Try it:
Write out the listing below in its entirety, minus the pictures, without changing a word.

Data extract:
+ + + + + + +

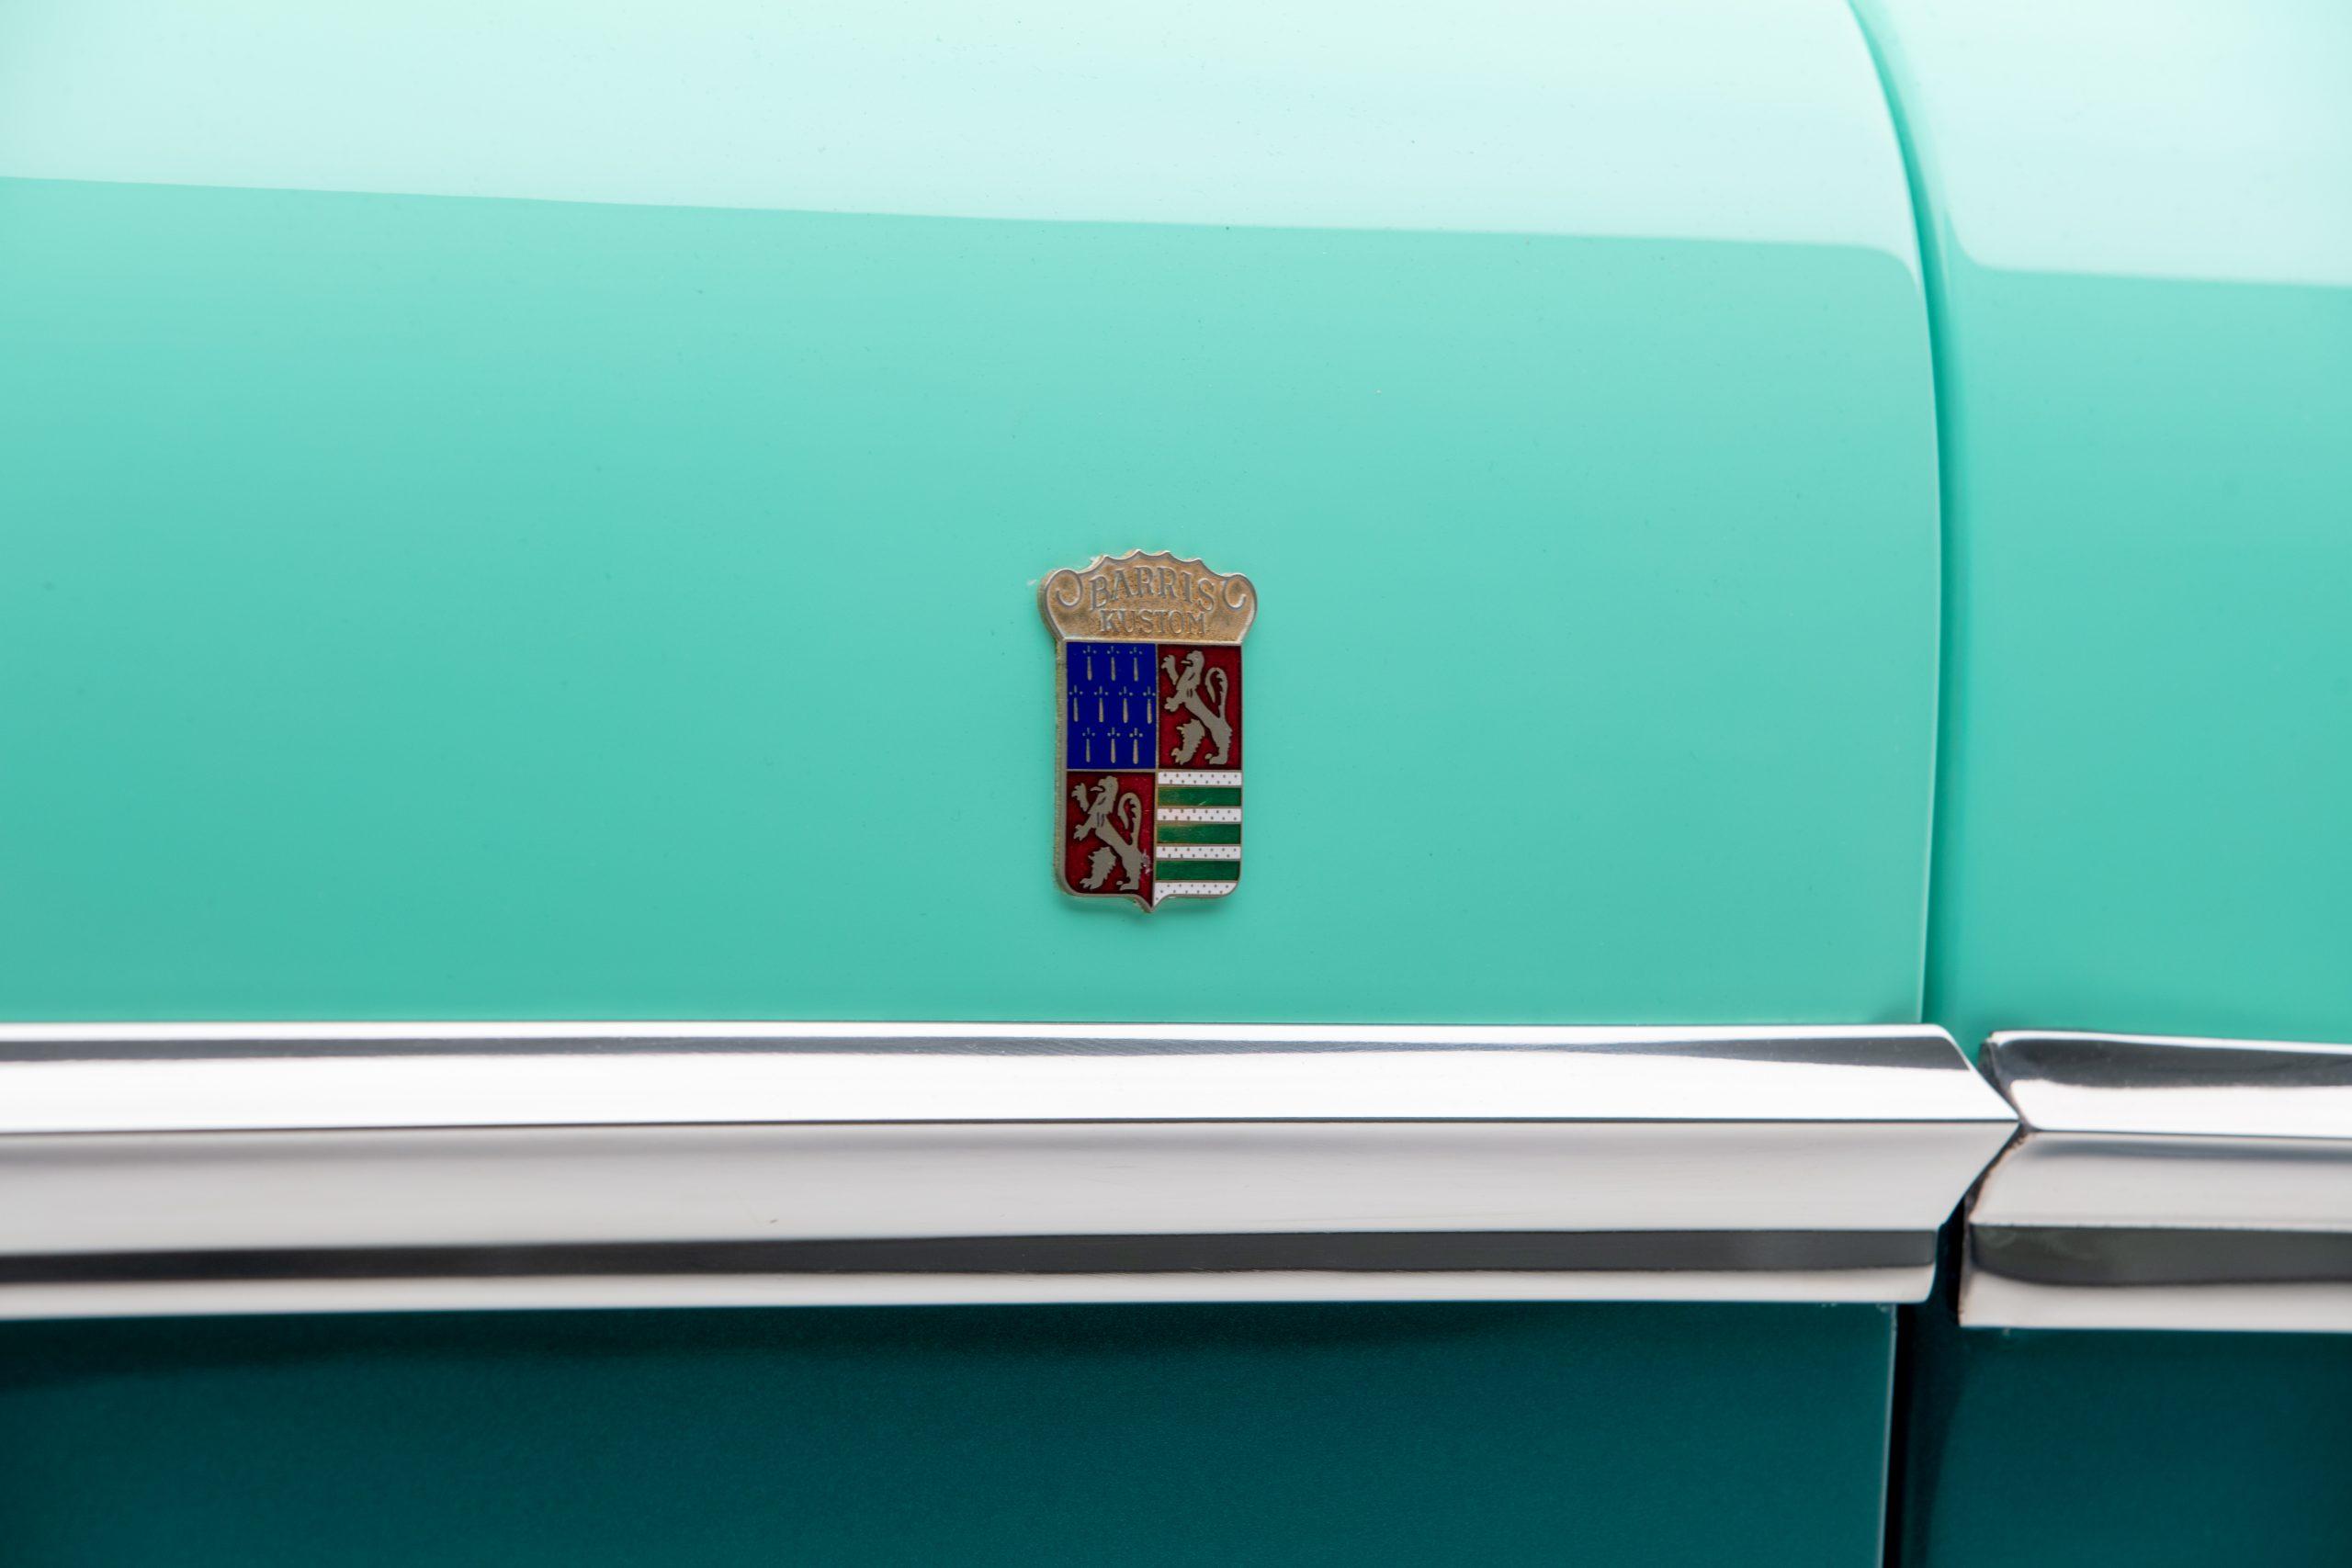 HVA Hirohata Mercury Barris badge
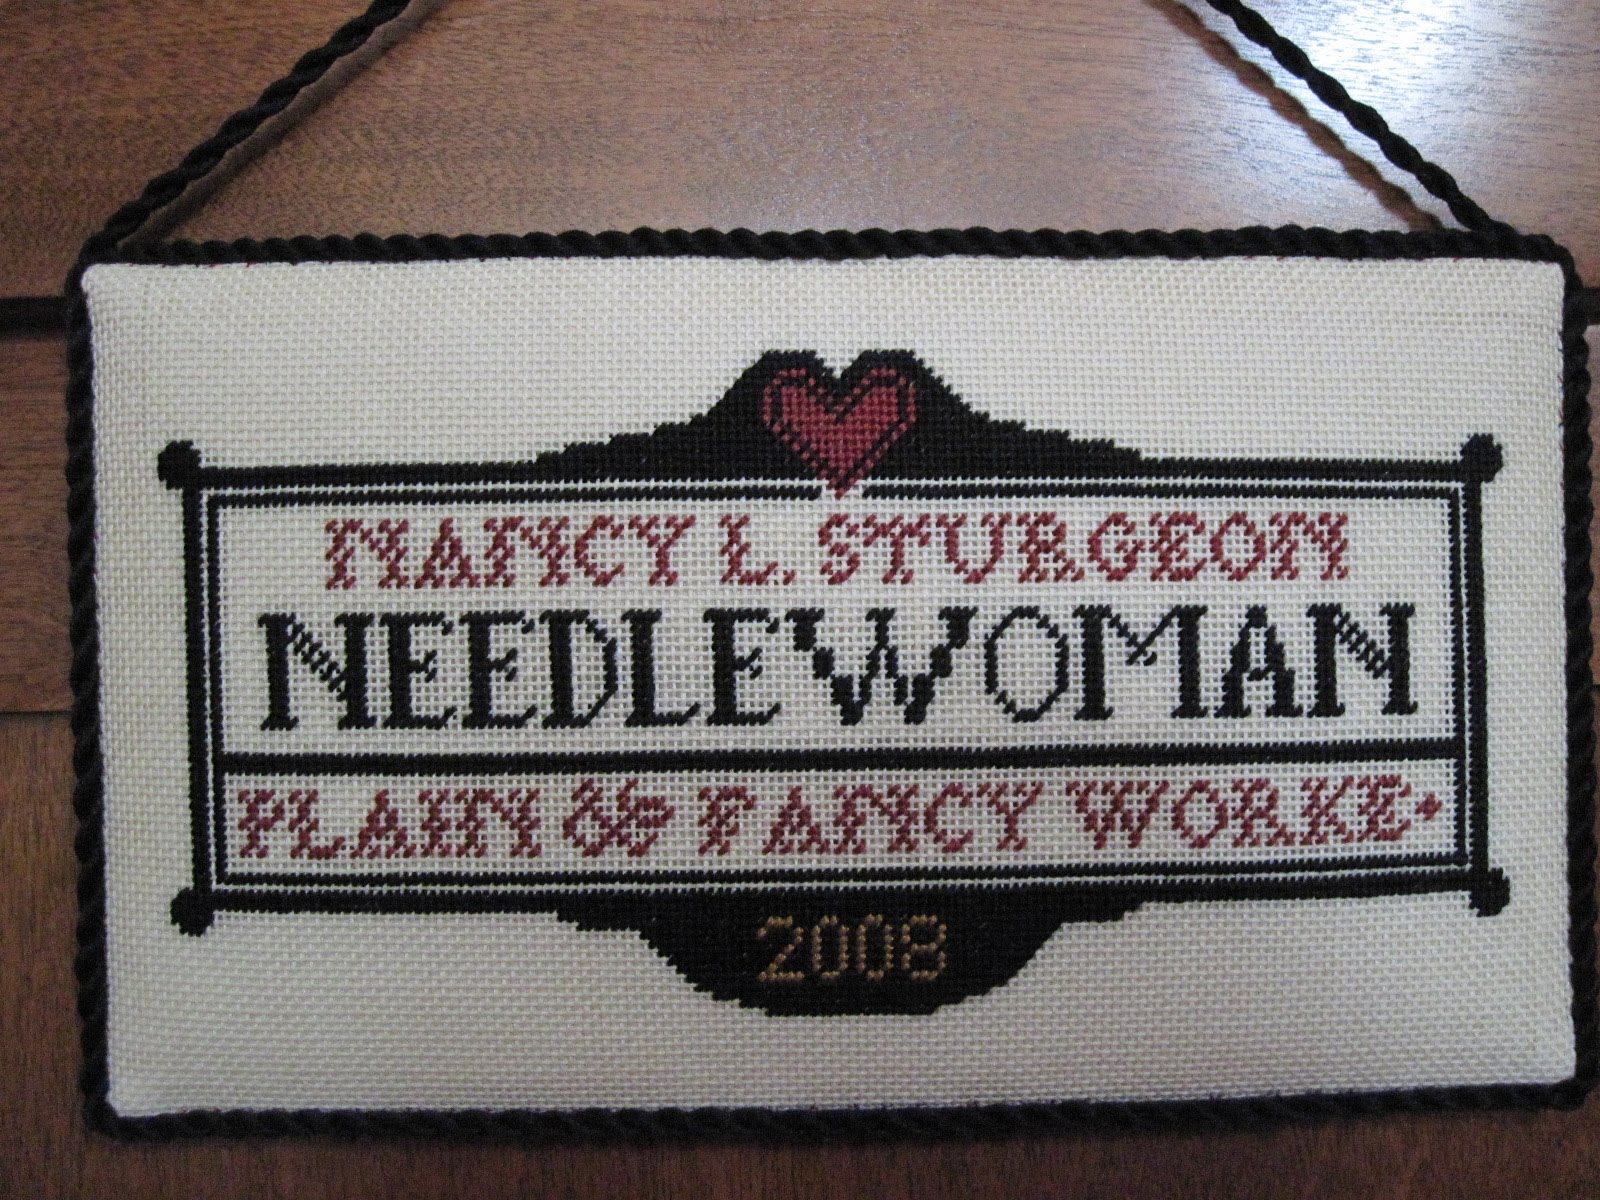 Threads through time prairie schooler santas msi sampler 1771 carriage house name plate - Name plate designs for home ...
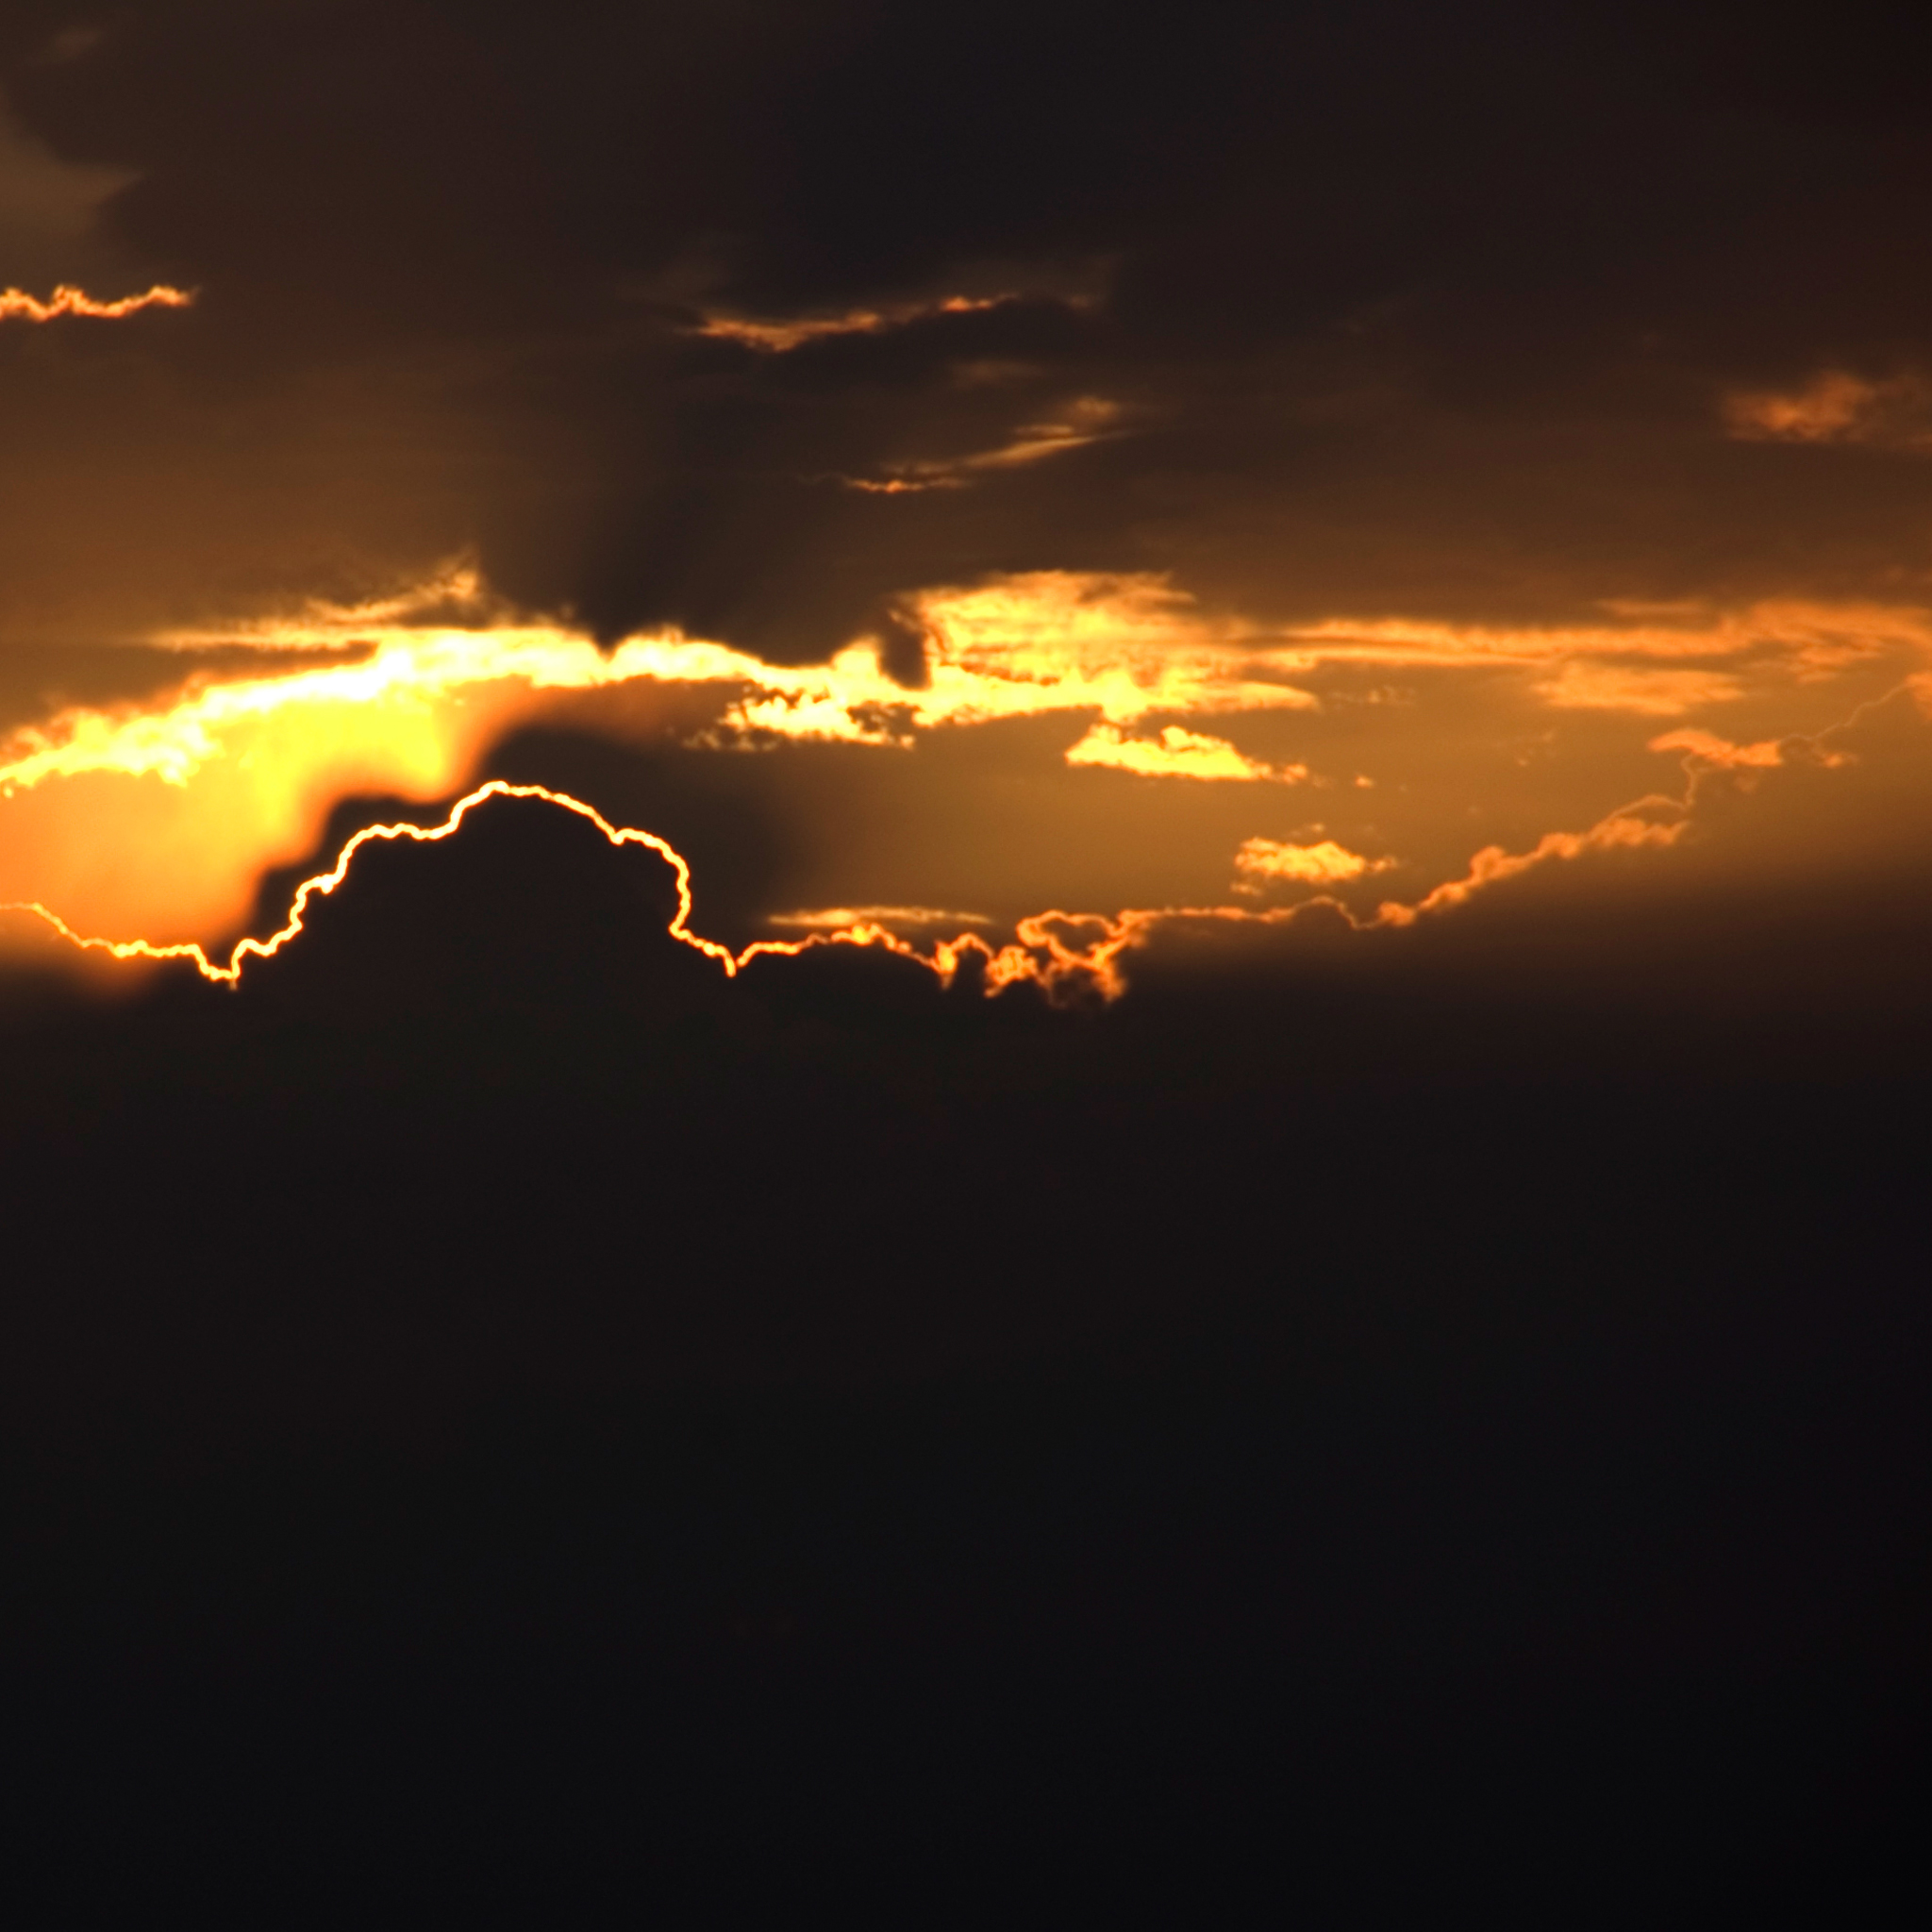 Sunset-Cloud-3Wallpapers-iPad

+ + + + + + +

Exercise output:
 HVA Hirohata Mercury Barris badge
 Threads through time prairie schooler santas msi sampler 1771 carriage house name plate - Name plate designs for home ...
 Sunset-Cloud-3Wallpapers-iPad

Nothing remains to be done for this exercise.